Курбанбек опять подвигал локтевым суставом.
— Да ты сам прекрасно знаешь.
— Неет, не знаю. Мне русски никто не говорит.
Пододвинулся к Тамаре и стал улыбаться еще ласковей.
— Ну, кто-нибудь другой пусть объяснит.
— Неет, ты скажи.
Еще полшага к ней навстречу; саму готовность с ним поговорить Курманбек счел достаточной причиной, чтобы начать обниматься.
— Тьфу, нечисть, иди отсюда, проспись!
— Что проспись, зачем проспись, Курманбек один!
Теперь усадьба оживает. Потихоньку. Хотя на ткацкой фабрике простой и в гостиницу почти никто не ездит, зато восстановилась винодельня, распаханы прилегающие земли, купленный им тракторок фурычит. И плодоносит их фруктовый сад — ночью в урожайный год бывает слышно, как падают тугие яблоки, круглым лбом о глухую землю. Весной в закрученной коричневой листве валяются прошлогодние окатыши, иссиня-черные, бордовые; одни похожи на пожухлые сливы, другие на помидорины, сначала подгнившие, а после этого окаменевшие, с промятой твердой коркой.
Киргизы прекратили куролесить, снова стали добрыми и работящими.
2Как только болезнь отступает, все сразу становится в радость: и жидковато-желтое пюре со скользкой говяжьей котлетой, и пахнущий лекарствами чай, и возможность помочиться стоя, без свидетелей, когда никто не прикасается к промежности холодными руками. С костылем подмышкой неудобно мылить руки, но после многомесячных подвесов, даже это неудобство было незаслуженной удачей — самостоятельно, в вонючем туалете, возить в ладонях раскисшее мыло.
— Так, больной, уступите хирургу.
Одной рукой сдирая зеленую маску и другой расстегивая брюки, к раковине подбежал пожилой невысокий доктор; вывалил в нее свое хозяйство и, облегчился, молитвенно подняв глаза.
— Фуу, — сказал хирург, передернув плечами. — Успели.
Заметив изумленный взгляд Саларьева, он проворчал: доживете до моих лет, поймете, что такое пять часов стоять и ковыряться в прямой кишке, не имея возможности выйти в сортир.
— Хорошо хоть операция прошла?
— Удачно.
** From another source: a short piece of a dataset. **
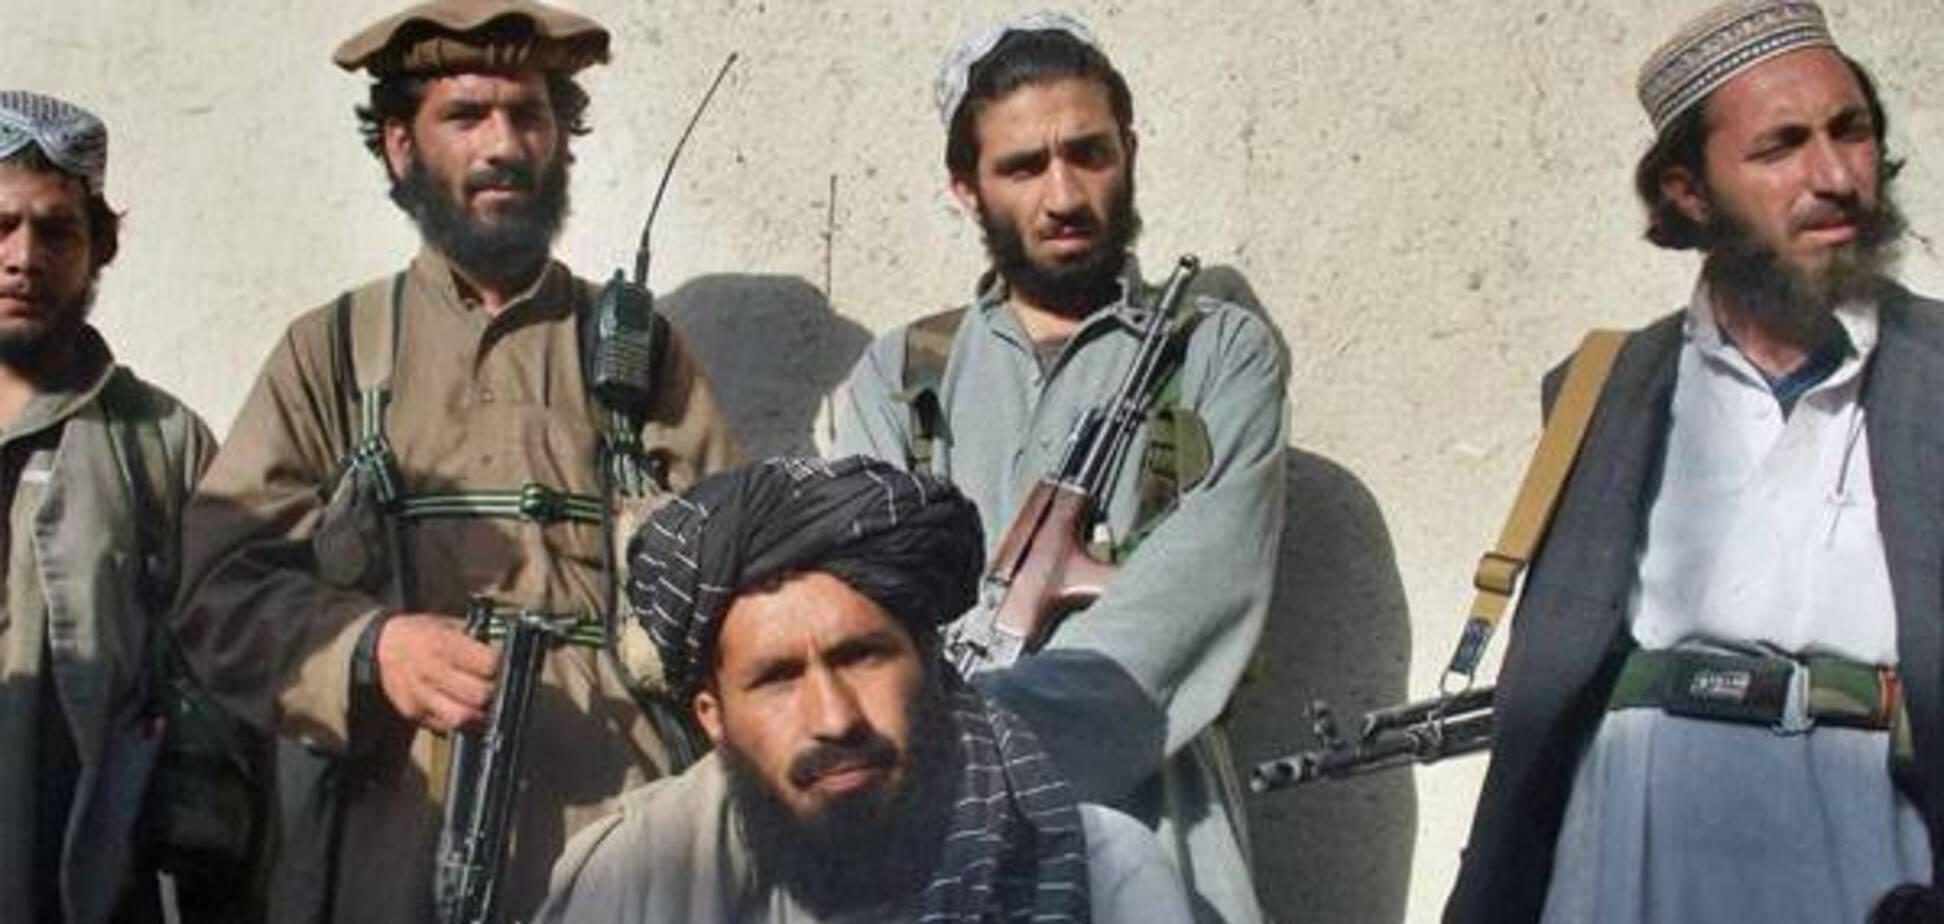 'Талибан' устроил кровавую бойню в Афганистане

Больной будет жить.
Доктор скреб по мылу белыми ногтями, мыло вертелось у него в руках, как свежепойманная рыба. Лицо у хирурга было темное, прокуренное, насмешливое сострадание, как маска, приросла к нему.
— А фамилия наша как будет? — спросил он, насухо вытерев ладони собственным бумажным платком.
— Фамилия наша Саларьев.
— Саларьев, Саларьев… а, это вас я никак не могу осмотреть? Без проверки заднего прохода вас отседа все равно не выпустят. Нету у вас процедур? Вот и ладно, пойдемте ко мне, я тут еще на полставки рядовым проктологом.
По дороге доктор любопытствовал; заметно было, что он из разговорчивых:
— А кто вы, что вы? Если не секрет.
— Историк, работал в музее.
— Так ты историк, значит? Ничего, что я на ты? Правильно, говоришь? И ладненько. Историк, значит. И еще музейщик? оёё. Умный человек. Ну пойдем, историк, станешь раком, мы тебя посмотрим. — Интонация у доктора была двусмысленной, то ли вправду хвалит собеседника, то ли подначивает.
— Не спеши, и локотки прижми. Вот так. Ты от страха потеешь, или всегда такой влажноватый? Значит, так по жизни, ёрзаешь. Перегораешь. Я тебя хочу спросить, историк… не дергайся… ты какой историк, за прошлым историк, или по сегодняшней части? За прошлым, понятно. Так-так-так, вот ваточка, прижми и одевайся. А сегодняшним не интересуешься? Интересуешься, вот хорошо. Ну, проходи, садись на стул.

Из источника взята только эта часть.